Aquilion ONE is a cone beam MDCT with a 320-row 0.5 mm detector array. The 320-row mode, at present, functions primarily as a cardiac scanner, that is, volume scan mode. Coronary MDCTA with 320-row mode has sufficient craniocaudal coverage (160 mm) making it possible to image the entire heart in a single heartbeat and one gantry rotation. Using this approach, the patient is exposed for only 350 ms, thereby creating the possibility of reducing radiation exposure substantially when compared to the overlapping rotations employed with the traditional helical MDCTA [3, 14, 15, 25].
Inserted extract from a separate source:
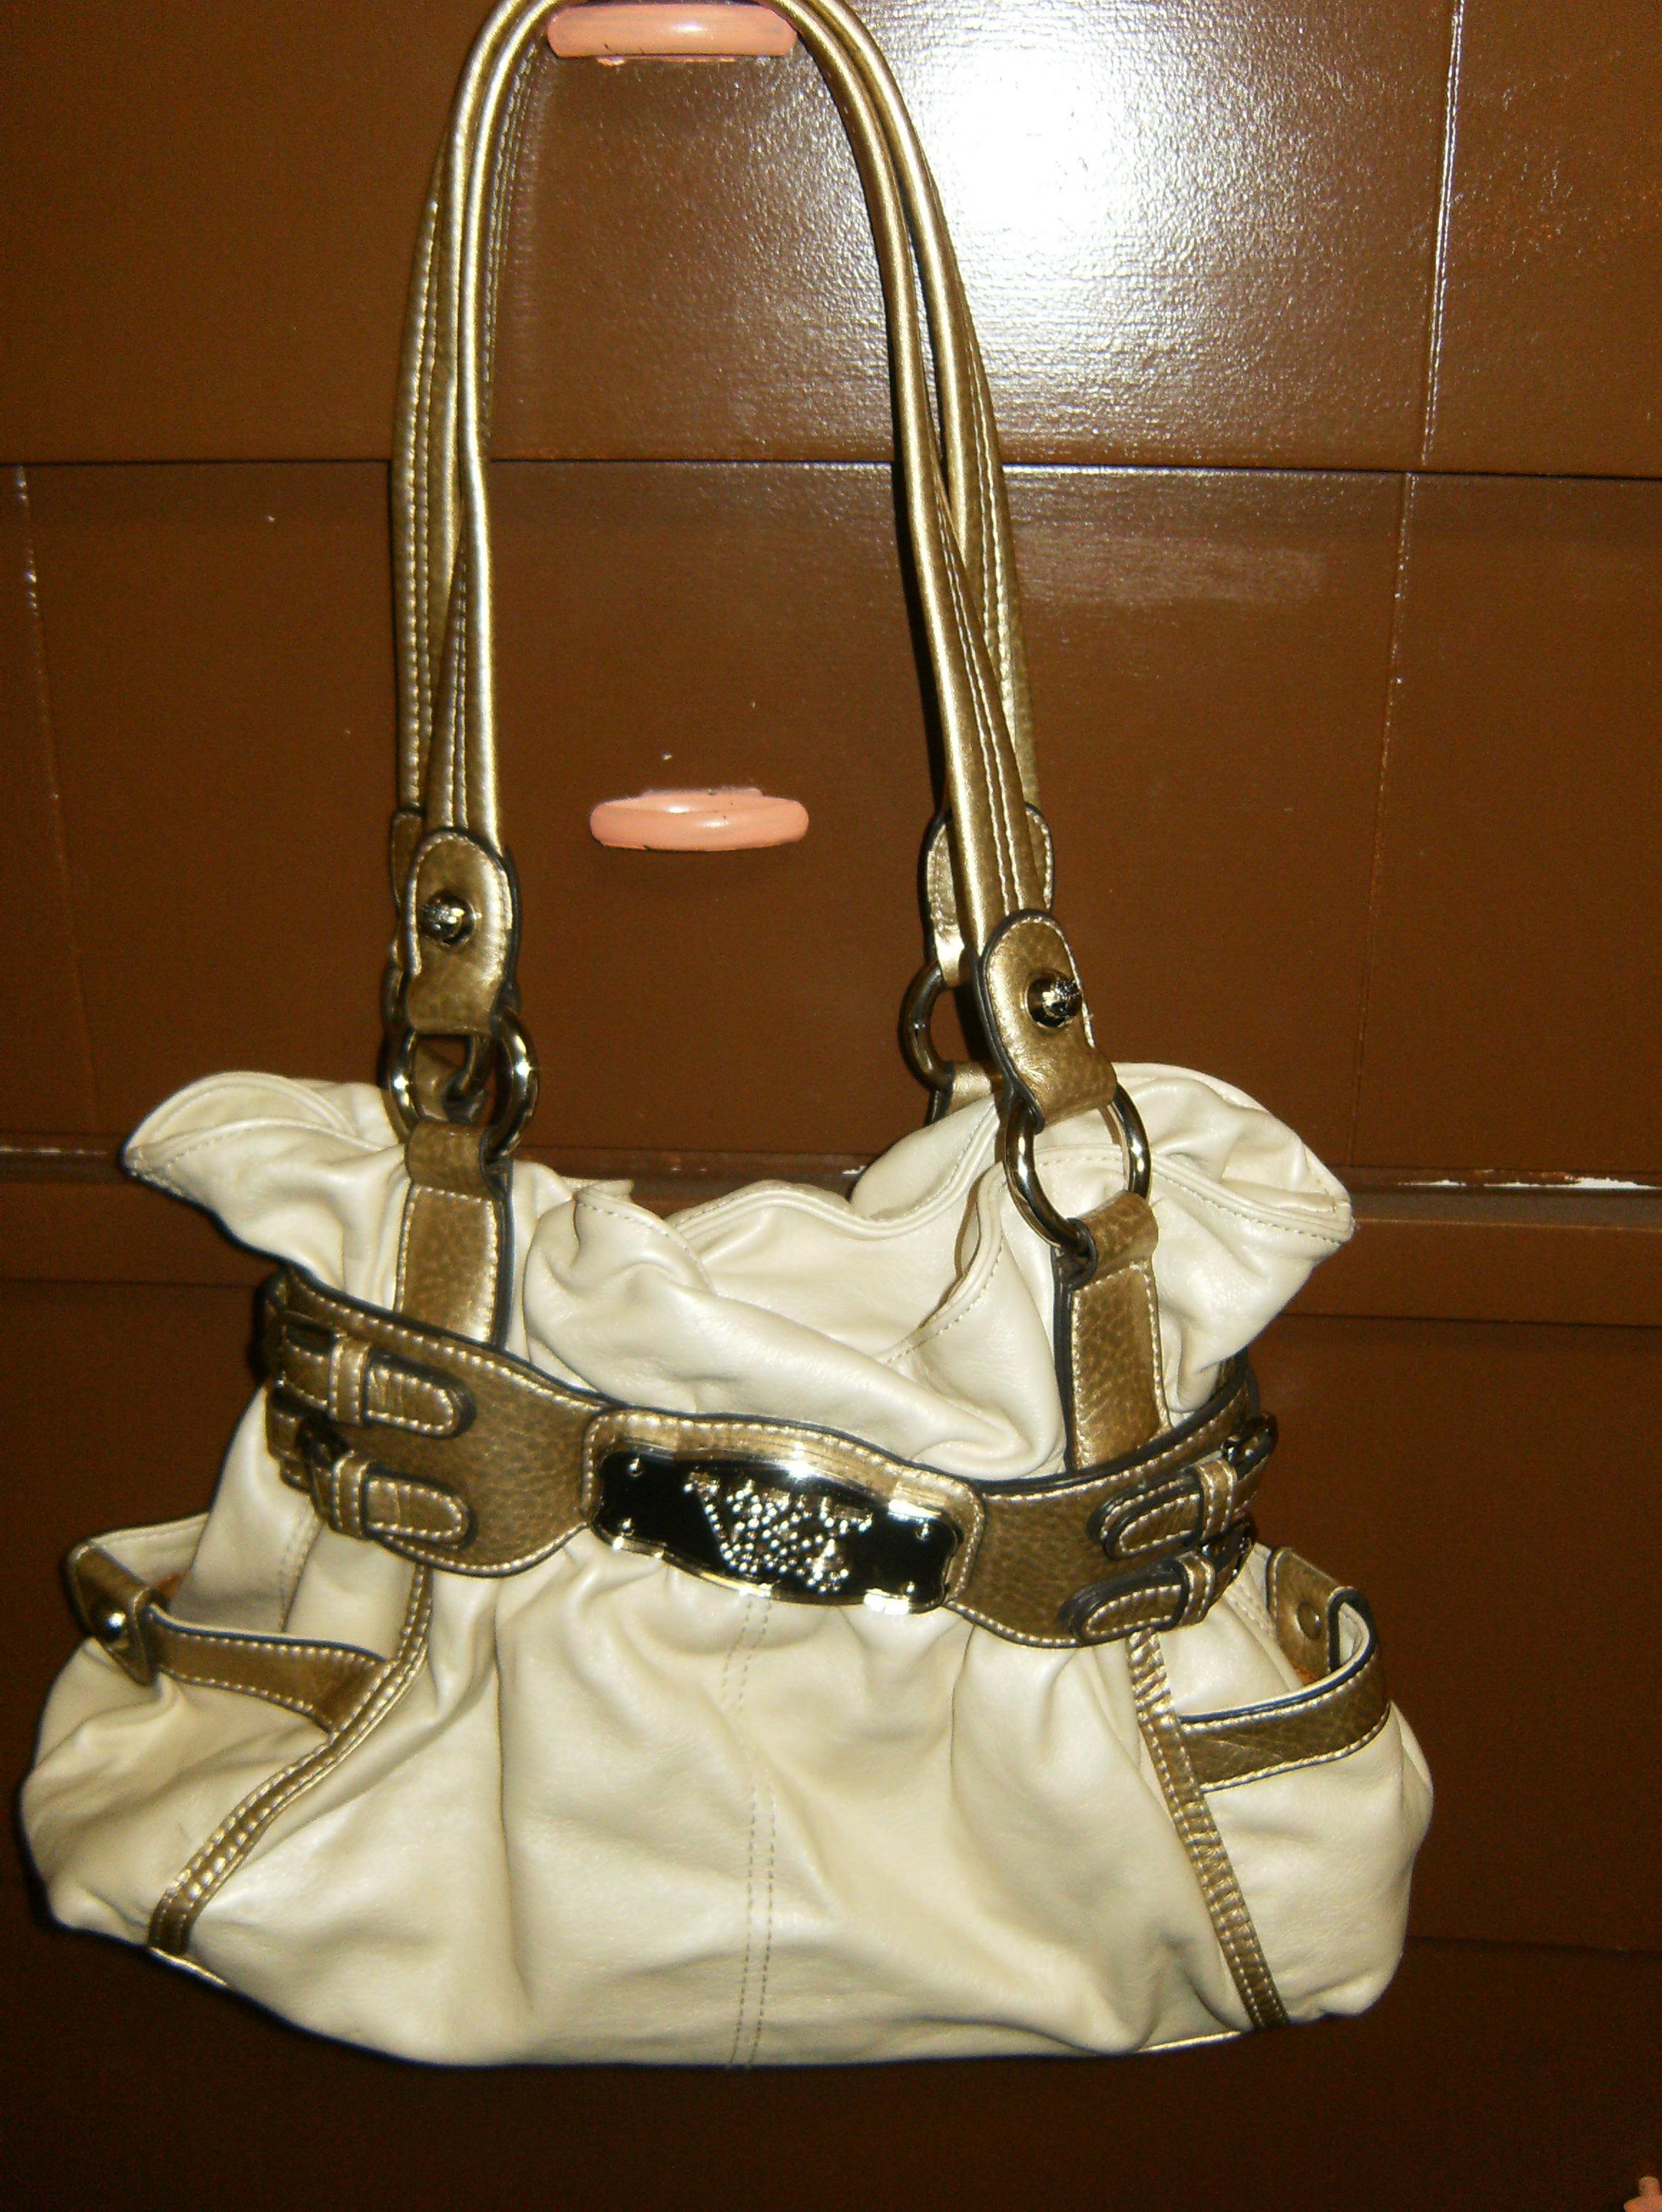 58ba96711d54 Kathy Van Zeeland Purses Shoulder Bag - Best Purse Image Ccdbb.Org

All patients in our study were scanned at maximum volume scan length (VSL) 160 mm (to make both groups comparable), but our previous study has shown a 33–46% reduction in radiation dose by decreasing VSL from 160 to 140 or 120 mm depending upon patient’s heart length [25]. In this retrospective study, mean radiation dose noted for patients imaged using 320-row MDCT was 6.33 mSv, which is comparable to prospective gating on 64 MDCT scanners in patients with heart rates <65 bpm.

Currently, Complete phase window acquisition with tube modulation mode is also used for patients with irregular heart rates or rate variations during breathing exercise or the actual scan in addition to functional analysis. Sudden abrupt change in heart rate during the scan can result in some loss of valuable data and motion artifact. Although mean heart rate was the same in both groups, a higher or variable heart rate as described is the most likely reason for slightly better image quality in cases of narrow phase window versus complete phase window patients.

4.1. Limitation

There are limitations to our study as it was a single-center, retrospective analysis, with a small number of patients. Further prospective studies with a larger number of patients in multiple sites could better evaluate the effect of window phase selection on radiation dose and image quality related to 320 MDCT scanners. Also, the focus of the study was image quality and not diagnostic accuracy; however, adequate image quality is a prerequisite for the assessment of diagnostic accuracy. Finally, our study is subject to the bias of a single center; a multicenter study is needed to further validate the concept.

5. Conclusion

In conclusion, scan mode and imaging parameters are critical determinants of radiation exposure and image quality on 320-row MDCTA. The median radiation doses of MDCTA vary significantly between patients scanned with complete versus narrow phase window acquisition. Low radiation dose and comparable diagnostic imaging quality may suggest an increased use of narrow window selection of R-R interval in selected patients. Given the potential for low radiation dose with volume scanning, further prospective studies for evaluation of diagnostic accuracy, efficacy, and impact on patient outcomes would be advantageous.

Disclosure

Faisal Khosa is the (2013-2015) American Roentgen Ray Society Scholar.